Maka berdasarkan kedudukannya sebagai direktur atas kesadaran dan pengetahuannya melakukan tindak pidana yang dapat dimintakan pertanggungjawaban menurut pandangan Van Bemmelen terdapat tiga hal, yakni; adanya kemungkinan untuk menentukan tingkah laku serta kemauannya, memahami pemikiran nyata tujuan atas perbuatannya, menyadari bahwa perbuatan tersebut tidak layak berada di masyarakat.19 Selanjutnya, dalam kacamata kriminologi diperkuat oleh Freud seorang Psikoanalisa memiliki penjelasan atas adanya unsur “kesenangan” pada kejahatan yang dipengaruhi oleh faktor ego dan juga superego dalam diri manusia yang lemah dan mendesak untuk mendapatkan kepuasan hingga menyimpang dan pada akhirnya melakukan kejahatan. Terkahir, dalam teori sosial sendiri melalui pendekatan secara Bioekologis yang dilakukan oleh Brofenbenner dengan mengidentifikasi pola interaksi faktor personal dan juga faktor lingkungan untuk mendapatkan “perilaku kejahatan” tersebut. Memasuki pokok bahasan atas perbuatan – perbuatan pidana sebagai bentuk kesalahan dalam unsur kesengajaan yang dilakukan oleh LZ diantaranya yaitu; Melakukan penipuan terhadap debitur salah satunya ialah saksi Bayu Prasetya dalam

kesaksiannya mengatakan bahwa ia mengajukan pinjaman sebesar Rp.1.000.000,-namun yang diterima hanya sejumlah Rp.650.000.000.- dengan masa cicilan 7 hari, Melakukan penipuan dengan dalih pemotongan cicilan pertama dan biaya administrasi terhadap perjanjian pinjaman. Yang mana dalam hal ini tidak ada ketetapan dari pada OJK maupun AFPI terkait dua hal tersebut dengan mengurangi hak/pun jumlah yang seharusnya diterima debitur sehingga membuat debitur tunduk dalam peraturan baru ataupun tambahan tersebut secara sepihak, Melakukan pelanggaran terhadap beberapa Pasal 26, Pasal 29 huruf d, Pasal 39 dan Pasal 47 POJK Nomor 77/PJOK.01/2016. Serta SOJK Nomor S-72/NB.213/2019 dalam pengaksesan data di mana penyelenggara P2PL hanya boleh mengakses data pribadi berupa lokasi, kamera dan mikropon. Hal tersebut di dasari pada klausa tambahan dalam peraturan baru ataupun tambahan tersebut secara sepihak berisikan “pihak KASCAS berhak untuk mengambil data calon konsumen yaitu seperti : memberikan izin untuk mengambil data telpon, memberi izin untuk mengambil data kontak telephone dan memberikan izin untuk mengambil gambar/foto yang ada di perangkat Handphone. Bahkan hingga kontak orang terdekat” dan Sebagai plegen dalam dakwaan keempat, dimana usaha yang dijalankan tidak memiliki perzinan Menteri pada bidang perdagangan.

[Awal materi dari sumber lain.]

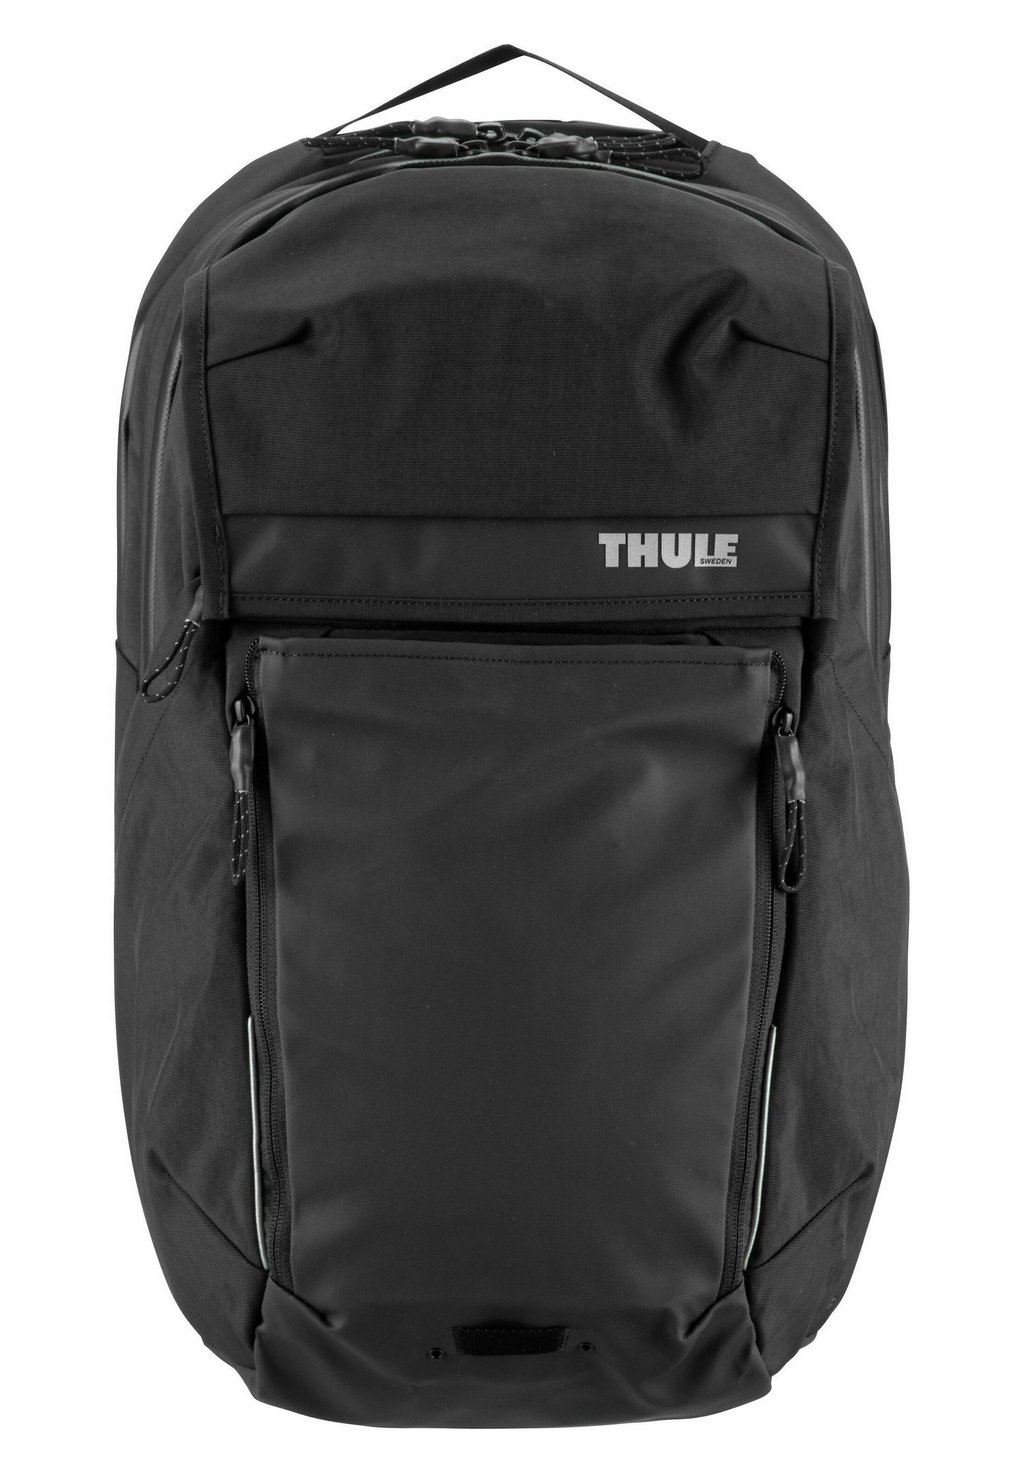 рюкзак thule backpack paramount commuter backpack 18l цвет olivine Рюкзак PARAMOUNT COMMUTER BACKPACK 18L Thule, цвет black

  • 2.    Pemenuhan Unsur Dengan Maksud

Dalam rangka mendalami apakah setiap perbuatan pidana yang dilakukan (delict) oleh para terdakwa telah terpenuhi. Maka pada bahasan ini akan mengupas lebih dalam perihal pemenuhan unsur pidana, actus reus dan mens rea hingga penjatuhan pidana terhadap para terdakwa. Dengan ini mendasari berdasarkan Putusan No.525/Pid.Sus/2020/PN Jkt.Utr jelas bahwa LZ dalam kedudukannya sebagai direktur dan pengetahuannya kesadarannya (willens en wetness) menimbulkan akibat hukum (voltooid delict/delict met matrieele omschrijving) dan dalam pengetahuannya melakukan tindak pidana secara sengaja (opzet) dengan maksud memperdagangkan barang dan/atau jasa tidak sesuai janji keterangan, label, promosi atau iklan, etiket penjualan barang dan/atau jasa tersebut, serta melakukan suatu perbuatan yang oleh padanya dapat di pidana (strafbaar feit). Maka atas penjatuhan pidana terhadap LZ selaku terdakwa merupakan penerapan terhadap vicarious liability theory. Serta diperkuat dengan pandangan Moelyatno terhadap unsur – unsur pidana yakni; unsur subjektif (hal yang terkandung didalam pikiran ataupun hatinya atau melekat pada diri pelaku), dan unsur objektif (hal yang berubungan dengan keadaan si pelaku), di mana kedua hal inipun telah terpenuhi oleh LZ. Maka pembenaran dalam penjatuhan pidana lainnya terdapat dalam teori pemidanaan yang merupakan penghukuman berupa penjatuhan pidana dengan alasan pembenar dalam hukumannya (justification) terhadap seseorang yang bersalah melakukan suatu delik tertentu berdasarkan incraht van gewijsde.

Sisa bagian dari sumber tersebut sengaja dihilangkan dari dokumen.